I am trying to align some small sequence reads to a genome using bwa. For this specific project I need to have all mapping positions returned were the read maps with less than a given number of mismatches (this could be absolute number or % of read length).
So for example if a read maps perfectly in 10 locations, with 1 mismatch in 100 more and 2 mismatches in 200 more I would want all 310 locations returned. I want to do that for as many mismatches allowed by my computational power (if I find the right switch I can try with different numbers).
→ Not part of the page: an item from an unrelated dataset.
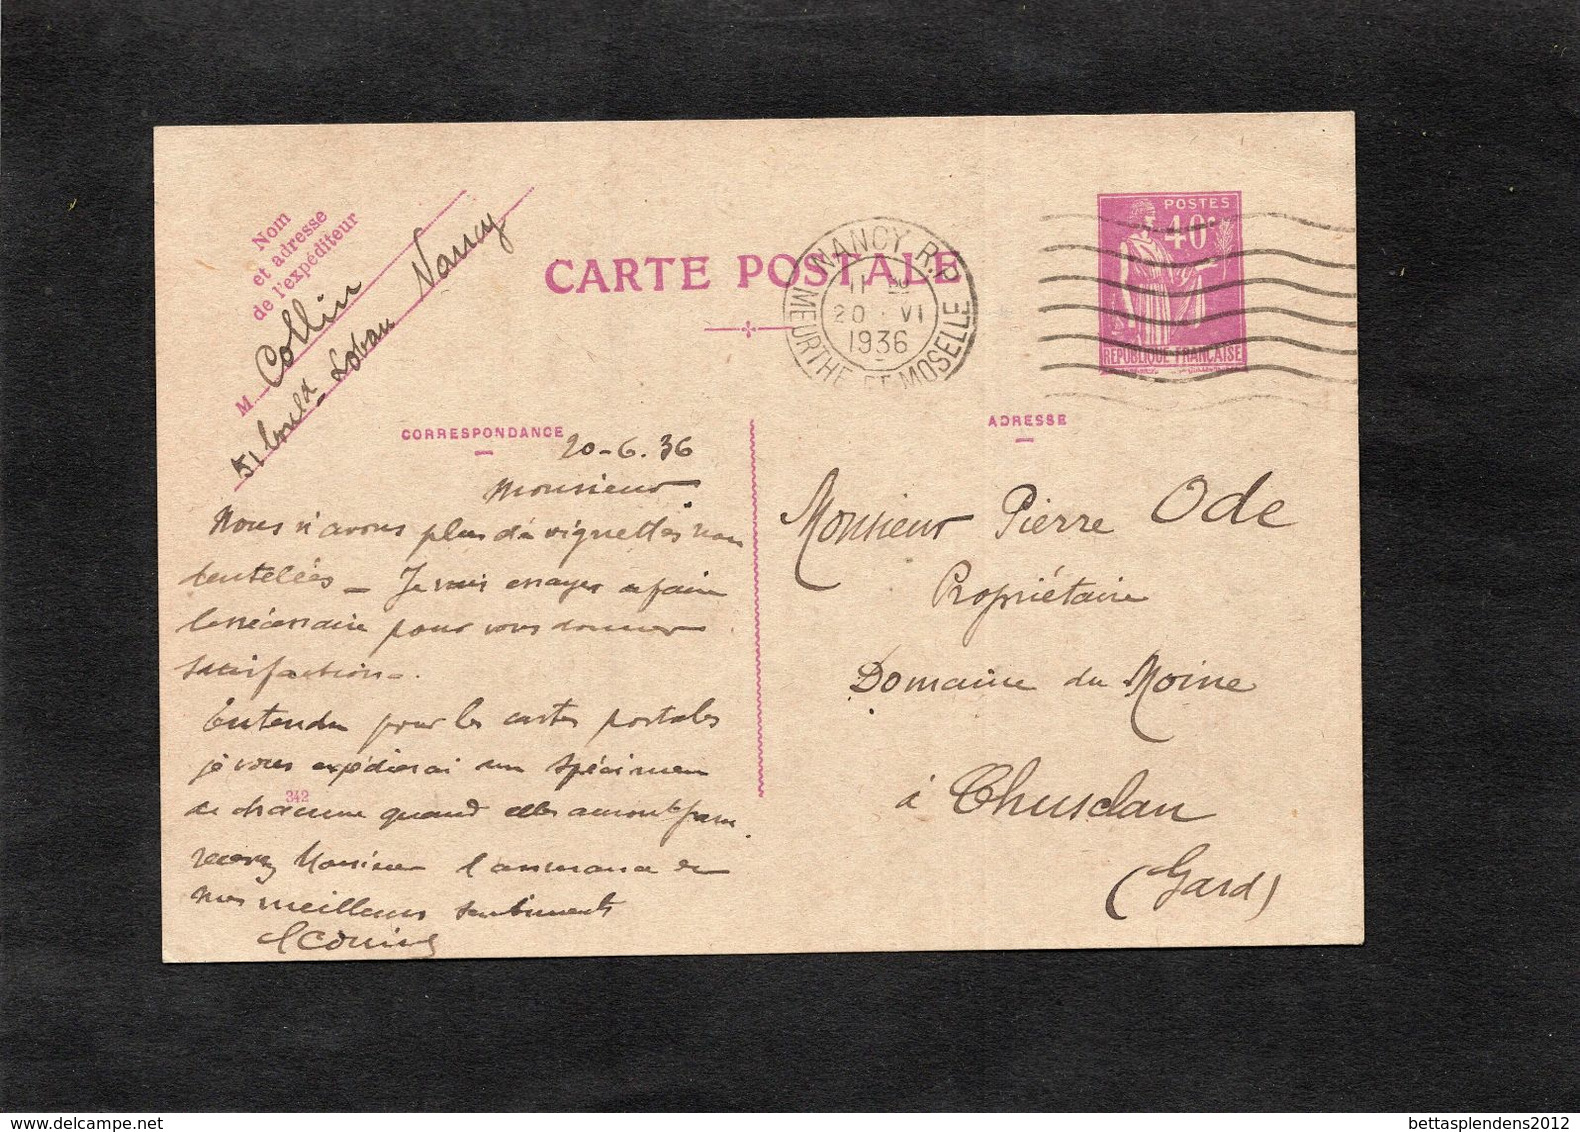 VITTEL 12-15 Aout 1934 - EXPOSITION PHILATELIQUE - Entier Postal Ayant Circulé - Cachet Hexagonal CHUSCLAN (Gard) - Overprinter Postcards (before 1995)

Reading the bwa manual and some initial testing didn't help much:
I tried changing the -n flag to different sizes (I have 30nt reads on average) and the results show that the file size is not increasing as expected (foo.$n.sai):
1.5K foo.1.sai 3.2K foo.2.sai 5.3K foo.3.sai 21K foo.5.sai 12K foo.7.sai 11K foo.10.sai 11K foo.15.sai 11K foo.30.sai 11K foo.40.sai
what I find especially confusing is that it peaks at $n=5 and then drops again.
looking inside the file (I convert it to sam) I see that the $n=5 file has alignments up to a distance of 5, but the $n=7 file has alignments (for the same read) up to distance of 2. How does this work?
I am running this:
bwa aln -t 8 -n $i -N -l 100000 genome.fa foo.fa > foo/foo.$i.sai
for different lengths. If I take out the -N flag then it just returns alignments 1 step worse than the perfect one (or so I believe from looking at the results). the -l flag is supposed to override the "seed" functionality.
Any ideas? How could I get alignments with 7 mismatches let's say?